Authors should take into account the reciprocity between objects and ideas: what does an image, a work, a form, teach us about the definitions of autonomy that they invoke? What does autonomy teach us about other elements of the artistic vocabulary (interactivity, immersion, and so on), the political (emancipation, self-determination, etc.), or the academic (including heteronomy and criticism)? No matter the proposed subject, contributions must be in line with the editorial guidelines of Perspective, which publishes overviews and historiographic essays on substantive issues underpinning and/or relevant to the discipline’s latest developments within the proposed theme. Case studies are only acceptable in so far as they provide the opportunity to address critical questions of a more general nature concerning the approaches, orientations, and stakes of the discipline of art history.

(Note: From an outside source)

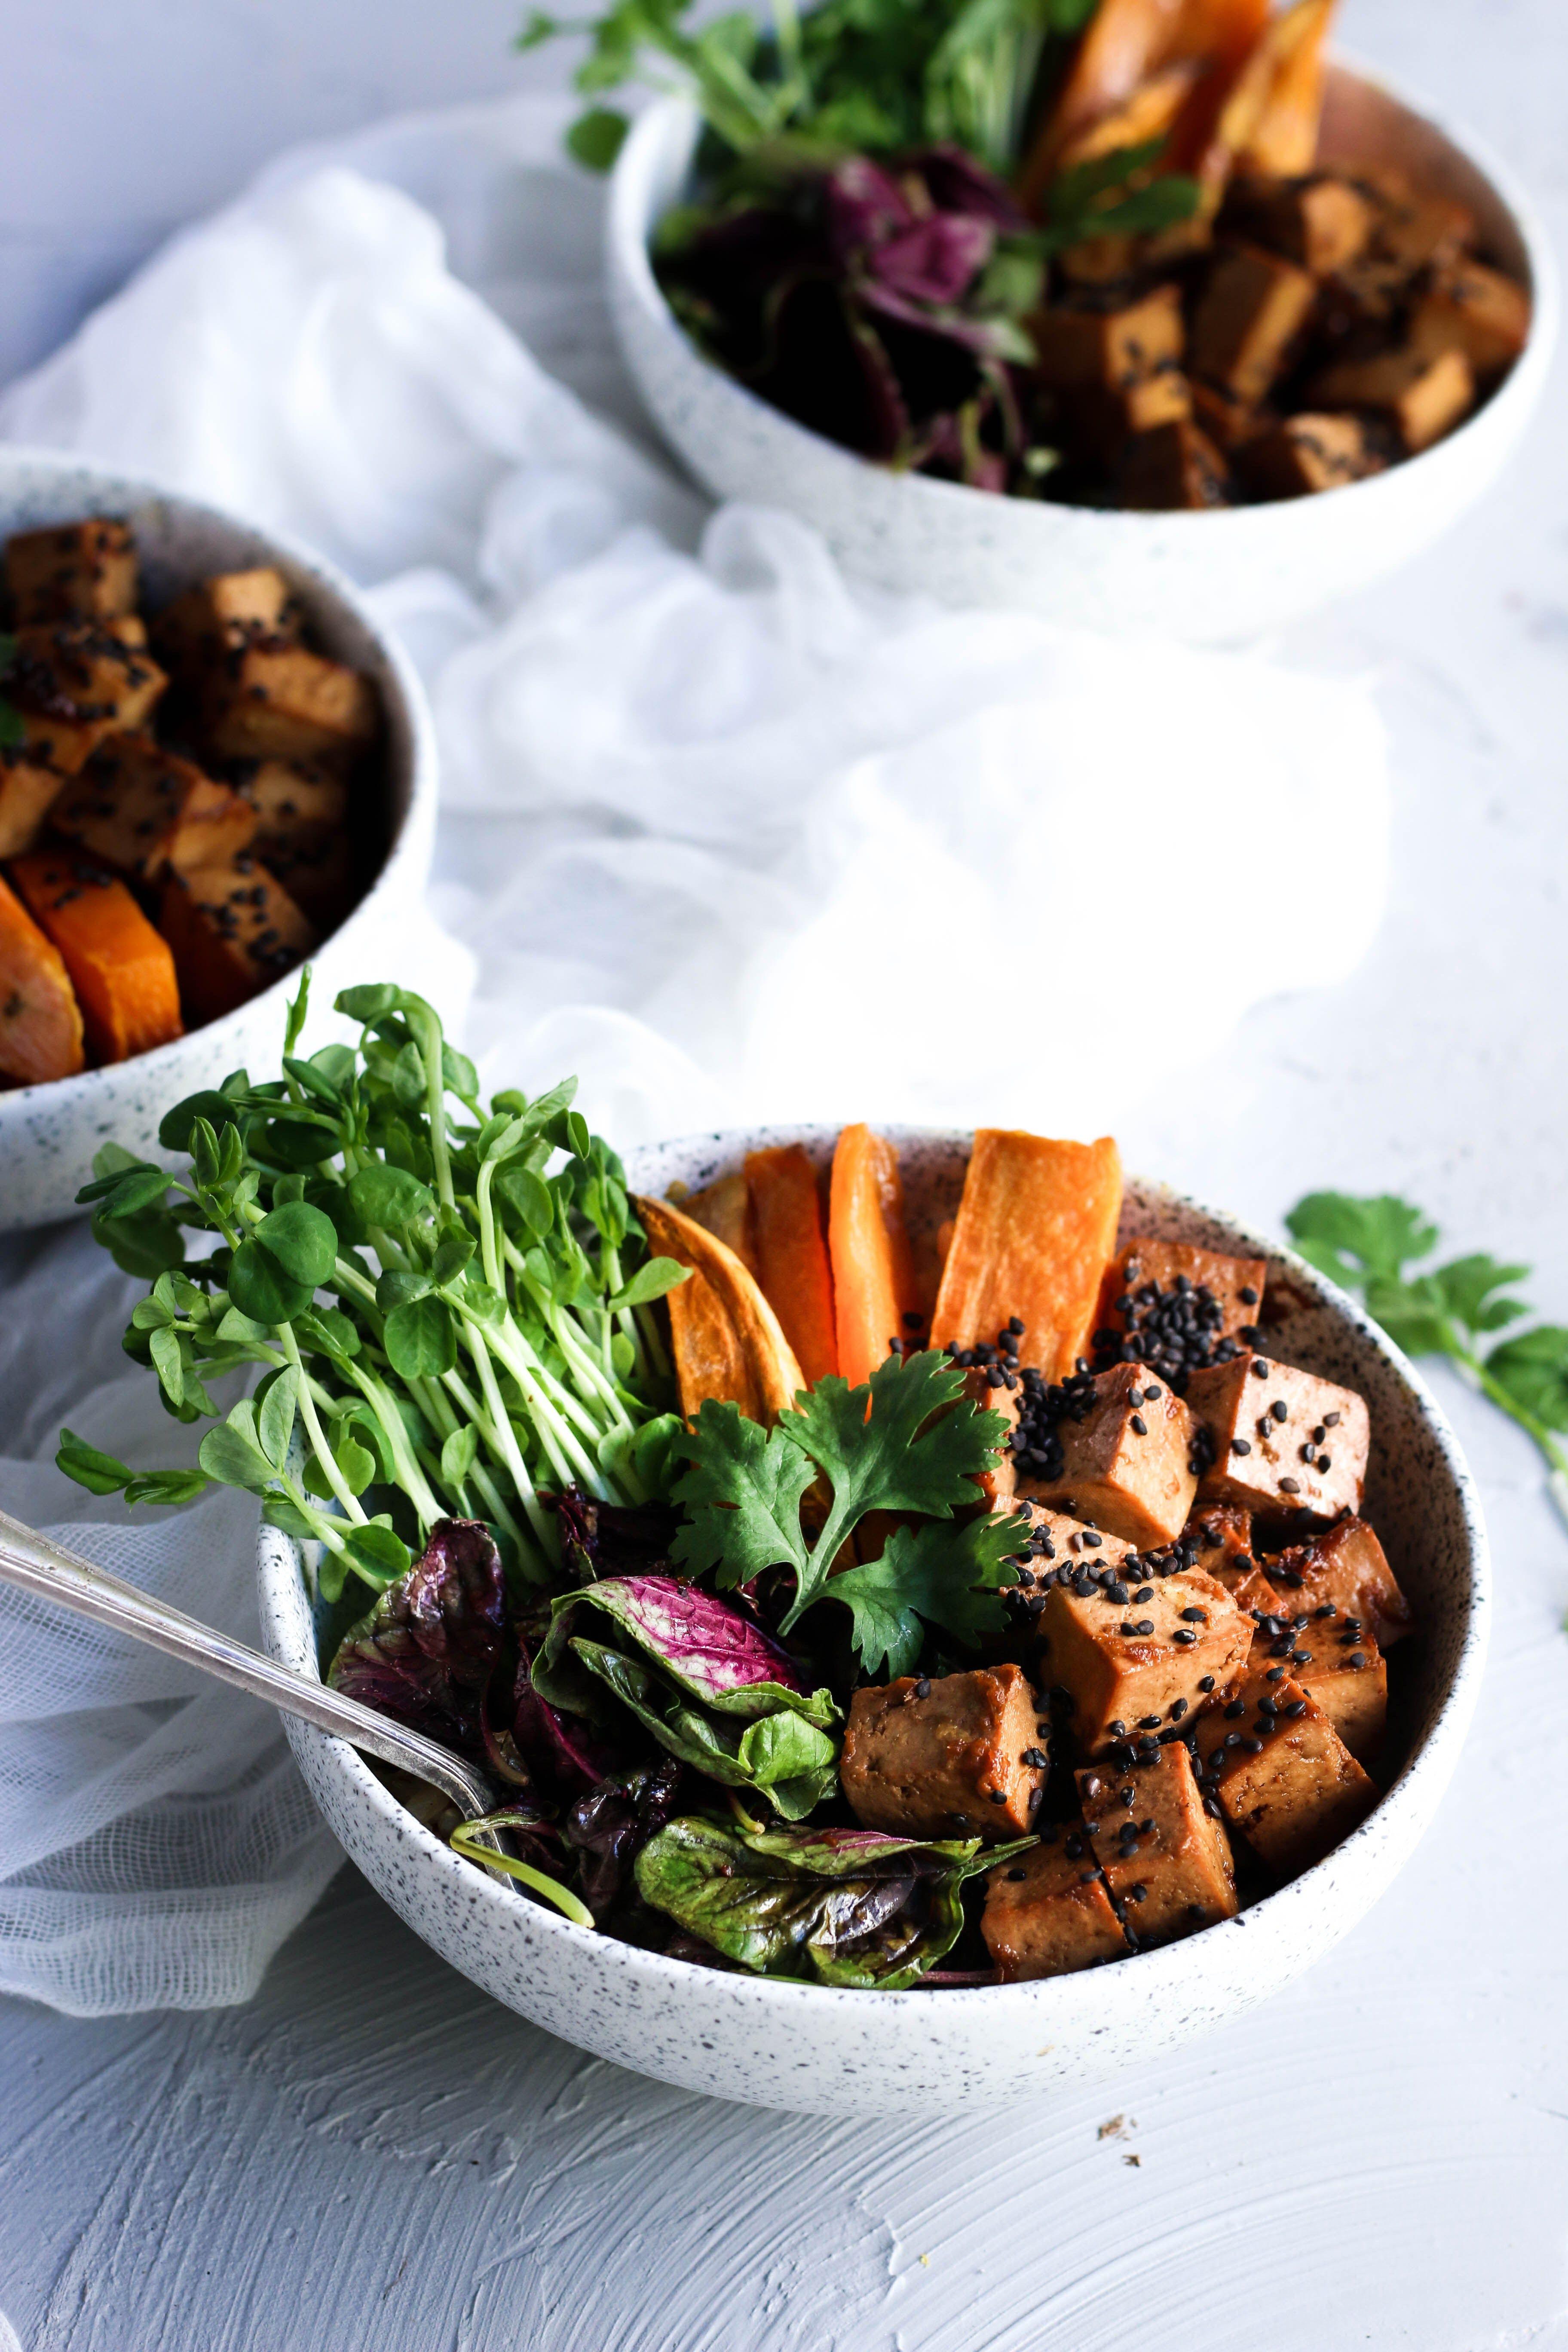 vegan recipes, asian flavours, asian recipe, plant foods, wholefood, gluten free recipe, dairy free recipe

Perspective : actualité en histoire de l’art
Published by the Institut national d’histoire de l’art (INHA) since 2006, Perspective is a biannual journal which aims to bring out the diversity of current research in art history through a constantly evolving approach that is explicitly aware of itself and its own historicity and articulations. It bears witness to the historiographical debates within the field, while remaining in continuous relation with the images and works of art themselves, updating their interpretations, and thus fostering global, intra- and interdisciplinary reflection. The journal publishes scholarly texts which offer innovative perspectives on a given theme. These may be situated within a wide range, yet without ever losing sight of their larger objective: going beyond any given case study in order to interrogate the discipline, its methods, history and limitations, while relating these questions to topical issues from art history and neighboring disciplines that speak to each of us as citizens.
Please submit your proposal (2,000-3,000-character / 350 to 500-word summary, with a provisional title, a short bibliography on the topic, and a 2-3 line biography) to the editorial contact (revue-perspective@inha.fr) by January 16th, 2023 at the latest.
Authors of selected proposals will be informed of the committee’s decision by the end of February 2023. Full texts of accepted contributions will need to be sent by May 1st, 2023. These will be definitively accepted after the journal’s anonymous peer-review process.